ここらへんからはアクションシーンの連続となります。敵はブラジャー丸出しで日本刀を振り回すゾンビ美女、豚のお面をつけた肉屋風のデブゾンビ(漫画「鬼畜島」のカオルくんか??もちろん元ネタは「悪魔のいけにえ」なんだろうけど)などなど。そして如月ちゃんと探偵はゾンビの犠牲になってしまうのでありました。しかも、探偵は手榴弾で巻き添え自爆で大破。そこまでの義理がアイドルにあるのだろうか??

ここからの展開もすごい。
ミクはアリシアをようやく見つけ、なんと直接注射器をぶっ刺して血液を抜いて、そのまま自分にその血液を注入するのであります。よくミスらずにすぐ血管に注射器させたねとか、アリシアはいきなりの暴挙に出たこの女になんで怒らないんだとか、血清ってこういうもんだっけとか、いろいろなことを考えれば考えるほど自分がアホになっていく気がします。
しかもアリシア、裸。

ちなみに探偵は死んだまま出番終了ですが、如月は治療薬を投与してゾンビから人間に戻ったという過去を持っているため、その副作用で不死身となっていることがなんとなくわかります。ですが、ここらへんの話は一切触れられません。説明もなし。おそらくミクも不死身になっているはずなのですが、このあたり、続編を作るつもりで考えた設定だったのかな。何も考えてないだけかな。

アリシア、如月とともに都庁を脱出するミク。その目の前には、ゾンビハンターとなったアイドル仲間が登場! 変わらぬ友情に瞳がうるんだところで、唐突にこの映画は終わります。

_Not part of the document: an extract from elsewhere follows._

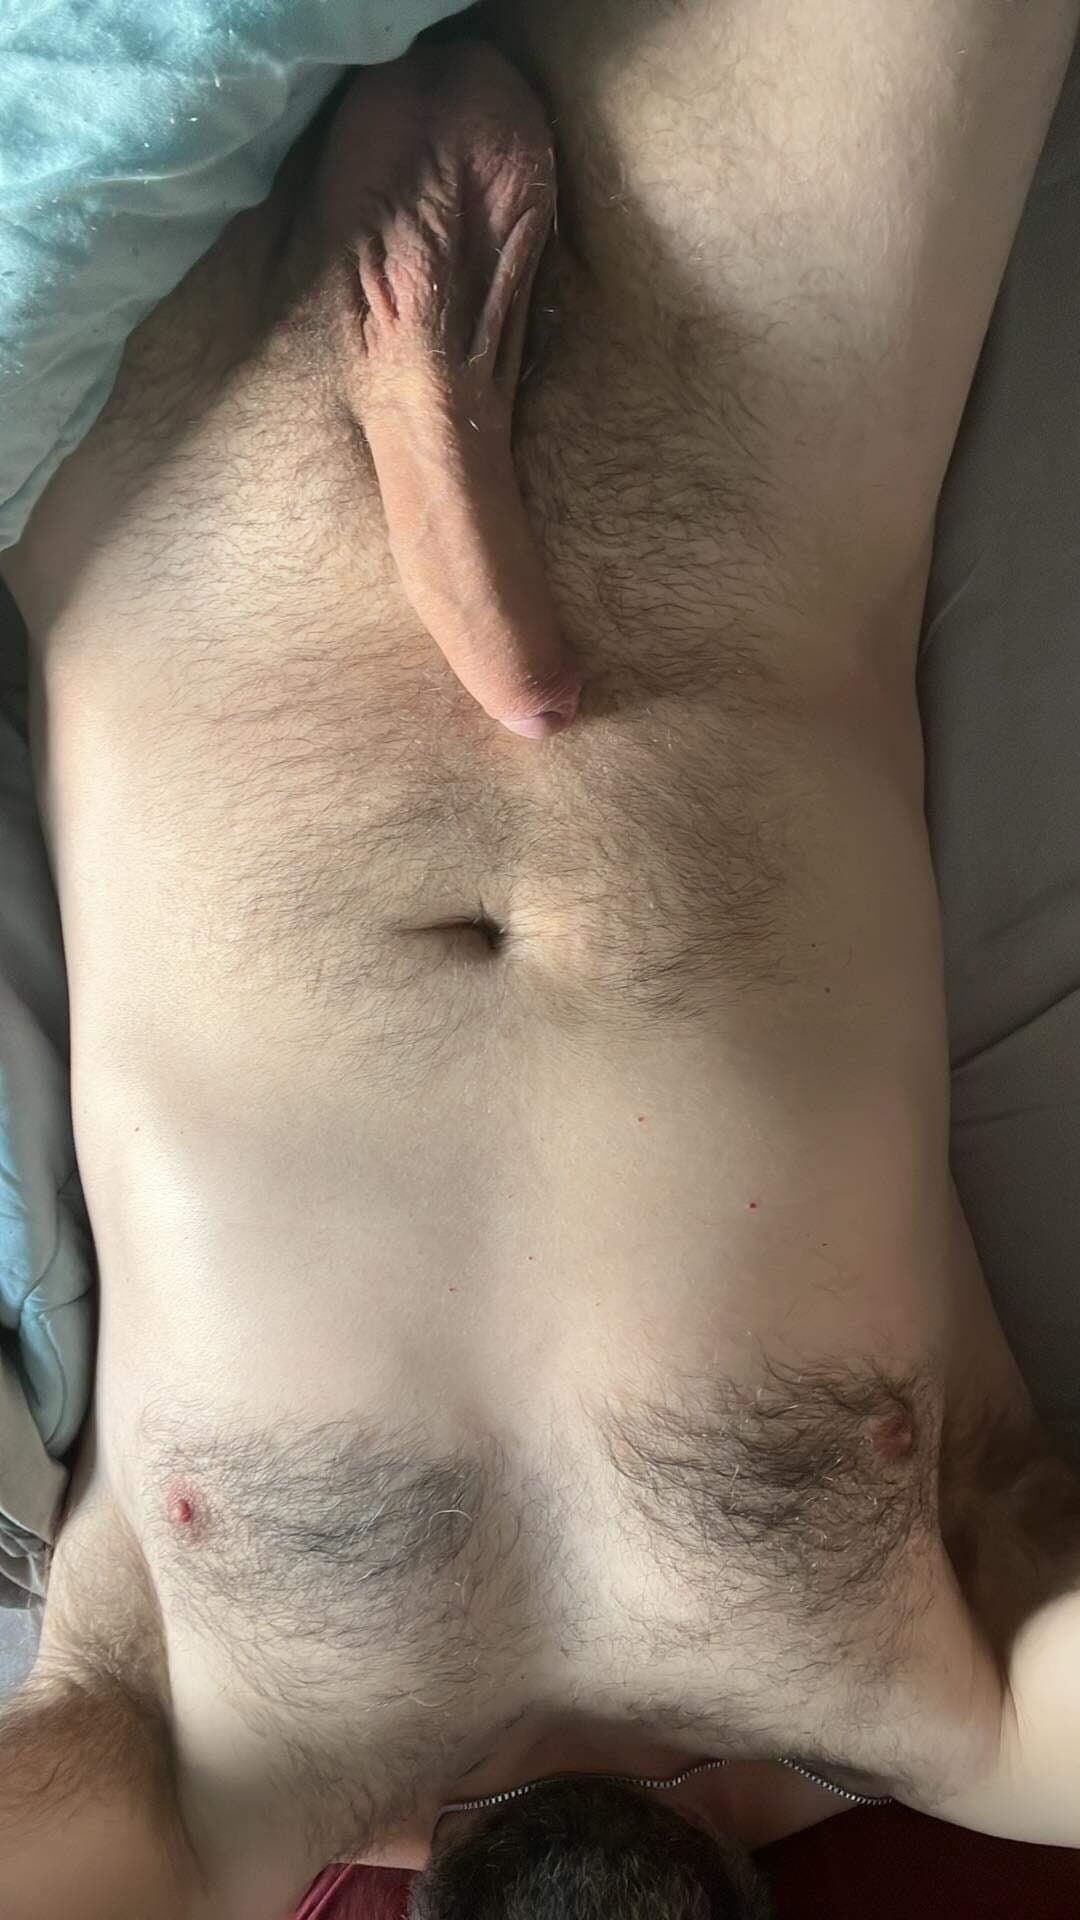 Me jerking off and my hairy ass #10

と、この映画の軸は「私たちはズッ友だからネ!」というアイドルの友情にあったことに驚くわけです。探偵との淡いラブロマンスとか、本格アクションとかではない。冒頭のライブシーンと、バニーガール姿で謝罪シーンくらいしか登場しなかった仲間との友情で映画をしめくくられても困っちゃう。

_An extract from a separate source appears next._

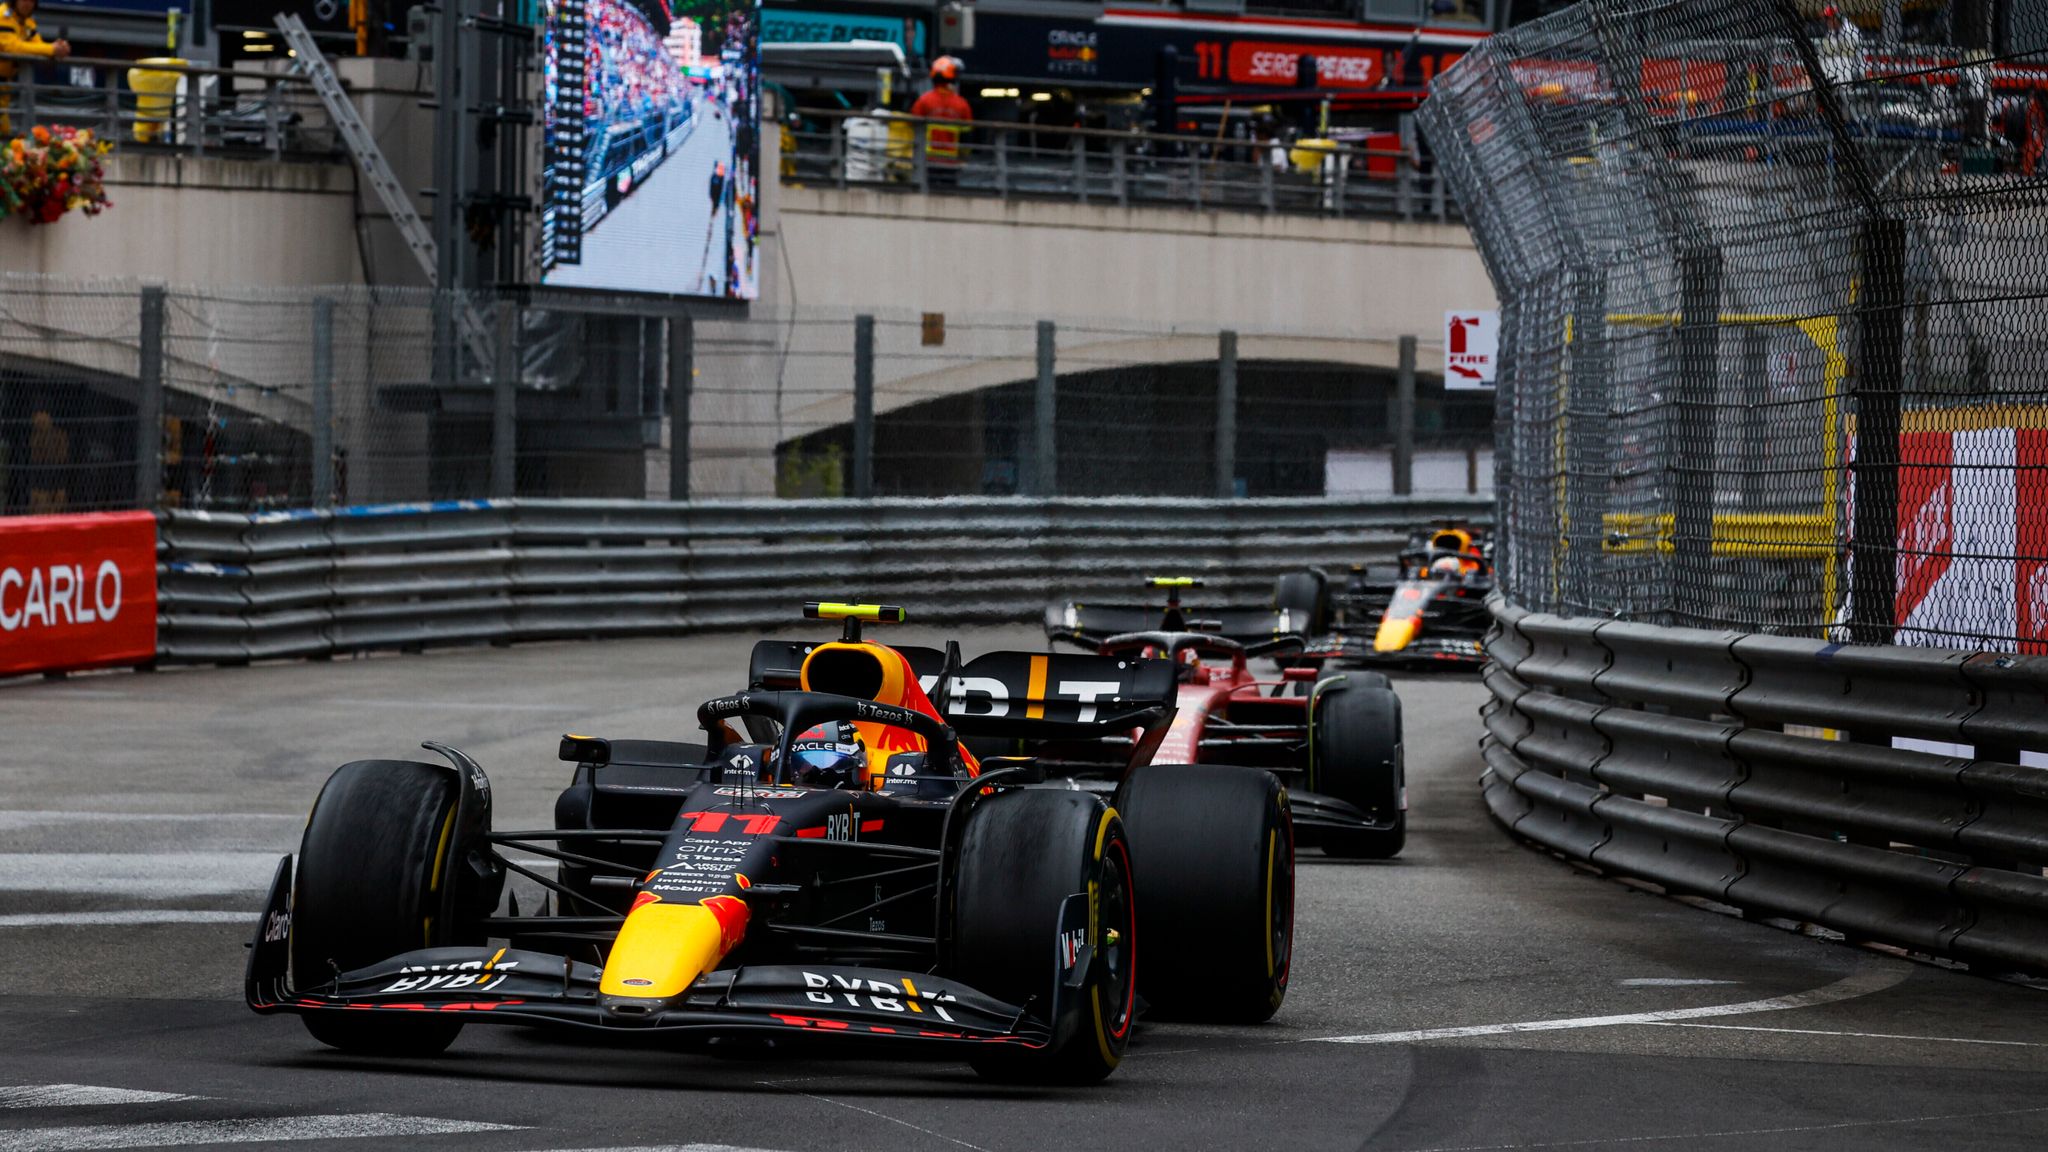 F1 Monaco Grand Prix Track Guide - What You Need To Know Ahead Of This 2023  Weekend - F1 Briefings: Formula 1 News, Rumors, Standings and More

しかもアイドル仲間役の2人、なぜかひとりが柔道着、もうひとりはランボーのコスプレをさせられているので本当にかわいそう。アイドルっぽくてセクシーな戦闘着なんてもっといろいろあるでしょ…このご時世、10代の女の子がランボーの格好をさせられるというギャグ。ギャグなのか?いや、「戦う人」の記号として考えても古すぎる。

という感じで、ツッコミどころ満載なので、気になる人はぜひ見てみたらいいと思います。
ちなみにミクのファンがヲタ芸でゾンビに対抗しようとするも、あっけなく食べられるというギャグシーンもありましたが、そこは本当に面白くなかったです。